Medizin USA: Weniger demenzkranke Senioren

Maltherapie für demenzkranke Menschen.

(Foto: dpa)

Forscher haben nachgewiesen, was bereits aus anderen Teilen der Welt bekannt ist: Der Anteil an älteren Menschen mit Demenz nimmt ab. Grund dafür sind nicht etwa bessere Heilverfahren, sondern womöglich mehr Bildung.

Von Werner Bartens

Die Nachricht ist erfreulich, auch wenn die Ursache noch nicht vollständig geklärt ist: In den USA ist der Anteil der Senioren mit Demenz um 2,8 Prozentpunkte zurückgegangen. Ärzte um Kenneth Langa berichten im Fachmagazin JAMA Internal Medicine von dieser Entwicklung. Die Mediziner der University of Michigan in Ann Arbor haben Daten aus einer landesweiten Erhebung analysiert und insgesamt mehr als 21 000 ältere Menschen in ihre Untersuchung einbezogen. Dabei stellten sie fest, dass 2012 nur noch 8,8 Prozent der über 65-Jährigen dement waren. Im Jahr 2000 waren noch 11,6 Prozent betroffen.

Eine mögliche Erklärung für den hoffnungsvollen Trend sehen die Ärzte darin, dass unter den Patienten von 2012 ein höherer Anteil eine ausgiebige Schulbildung oder Hochschulabschluss hatte.
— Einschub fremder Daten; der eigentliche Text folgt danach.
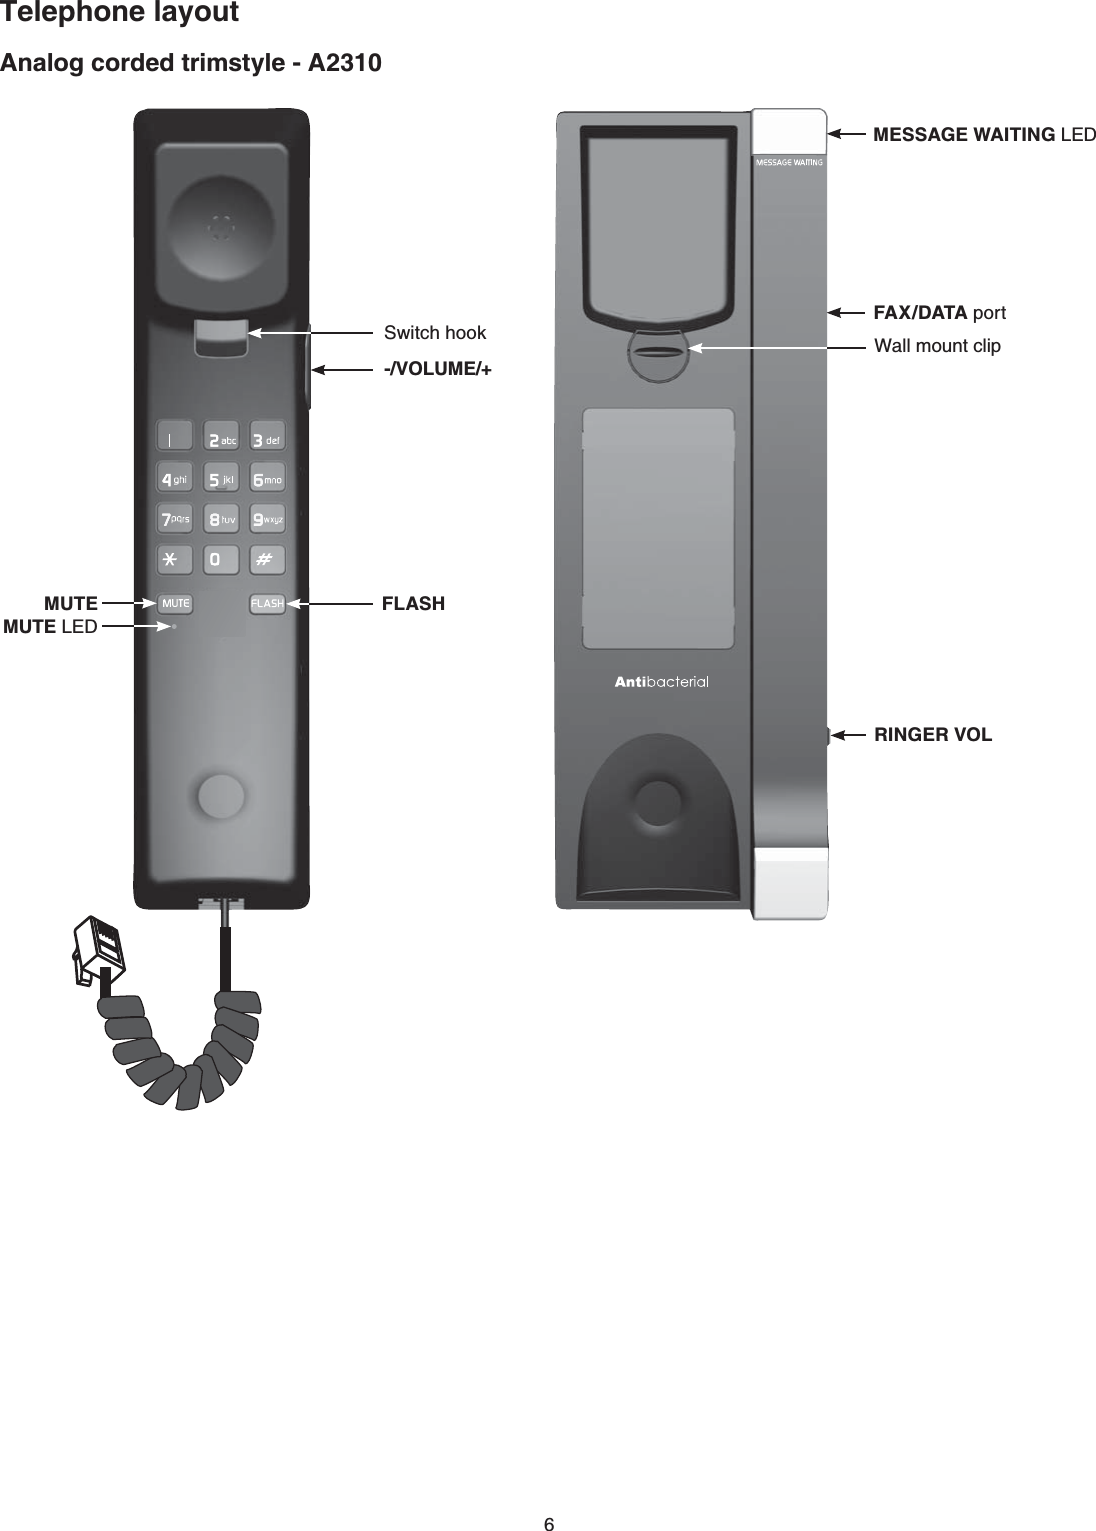 Telephone layout6Analog corded trimstyle - A2310Wall mount clipSwitch hookFLASH-/VOLUME/+MUTERINGER VOLFAX/DATA portMESSAGE WAITING LEDMUTE LED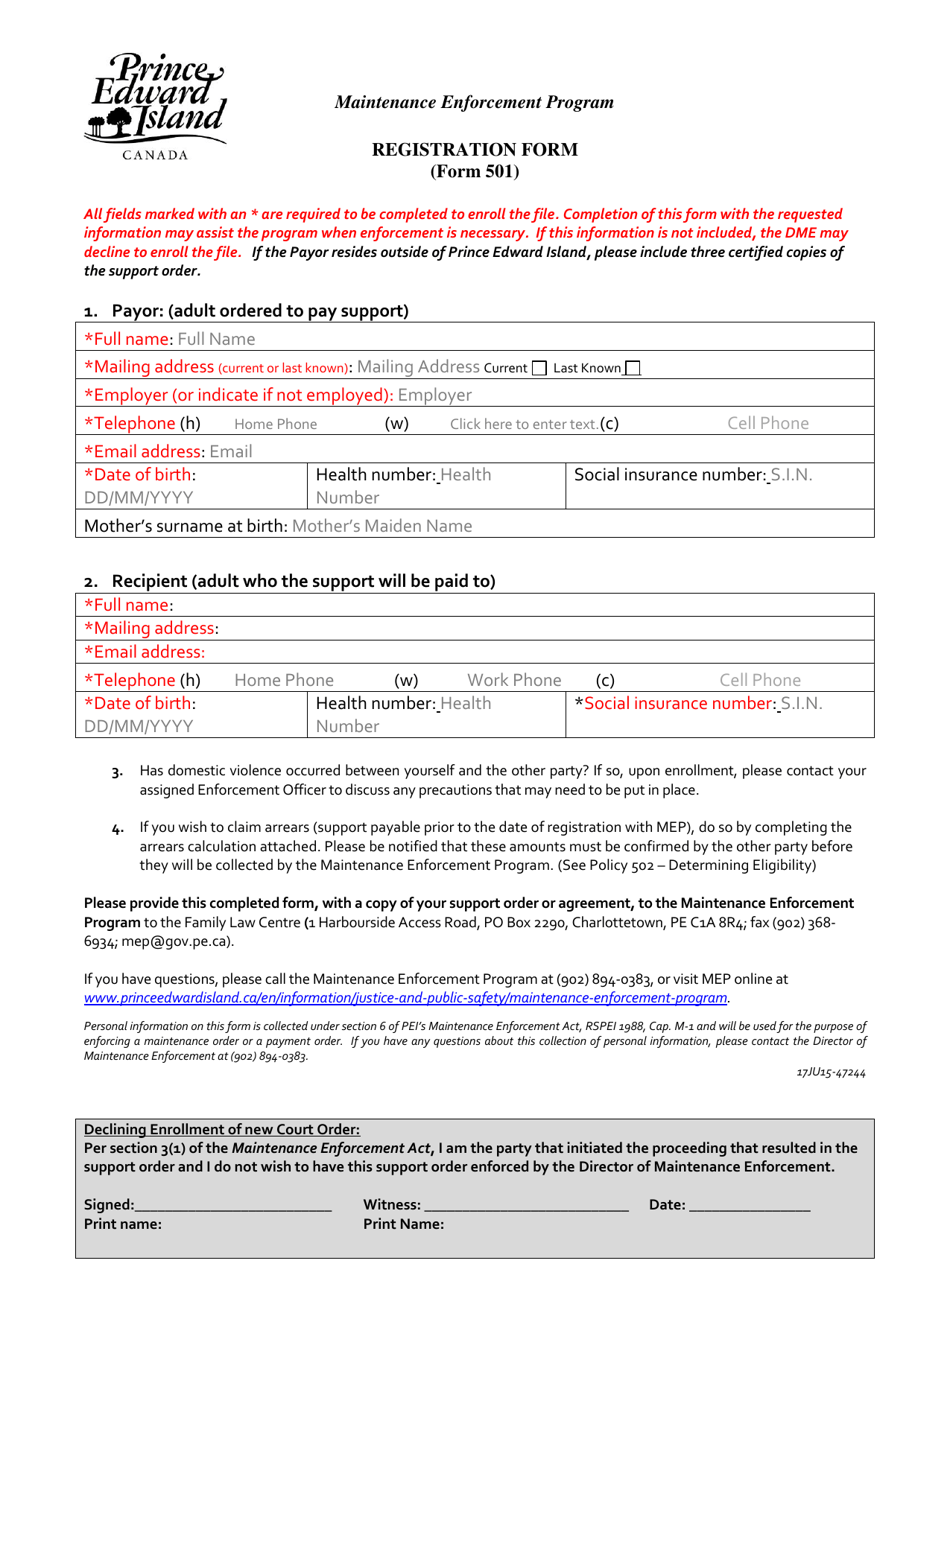 Form 501 Registration Form - Maintenance Enforcement Program - Prince Edward Island, Canada, Page 1

Geistige Regsamkeit und höherer Bildungsgrad scheinen Demenz-Erkrankungen vorzubeugen - nicht nur, weil das Gehirn in Übung bleibt, sondern auch weil sich Menschen mit höherer Bildung zumeist gesundheitsbewusster verhalten.

"Das Risiko für eine Demenz scheint sich tatsächlich zu verringern"

In den kommenden Jahren werden die Babyboomer das Seniorenalter erreichen, die im Durchschnitt über eine bessere Ausbildung verfügen als vorherige Generationen. Zwischen den Jahren 2000 und 2012 nahmen in der repräsentativen Stichprobe der Senioren jedoch auch drei Risikofaktoren für Demenz zu, nämlich Diabetes, Übergewicht und Bluthochdruck. Womöglich hat sich das aufgrund besserer Therapiemöglichkeiten jedoch nicht so stark auf das Demenzrisiko ausgewirkt.

In früheren Studien wurde auch in anderen Ländern ein Rückgang der Demenz-Rate beobachtet. "Das Risiko für eine Demenz scheint sich tatsächlich zu verringern", sagt Kenneth Langa. "Der erwartete Anstieg, weil immer mehr Menschen immer älter werden, fällt also womöglich nicht so heftig aus wie befürchtet. Für den einzelnen Patienten und seine Angehörigen ist es natürlich trotzdem ein harter Schlag." Zwar loben die Forscher die Investitionen in Bildung, die sich allerdings nicht für alle gleichermaßen auszahlen. "Unterschiede in Bildung und Wohlstand werden auch zu Unterschieden in der geistigen Gesundheit führen - und mitentscheiden, ob Menschen im Alter noch arbeiten und selbständig leben können", sagt Altersforscher David Weir.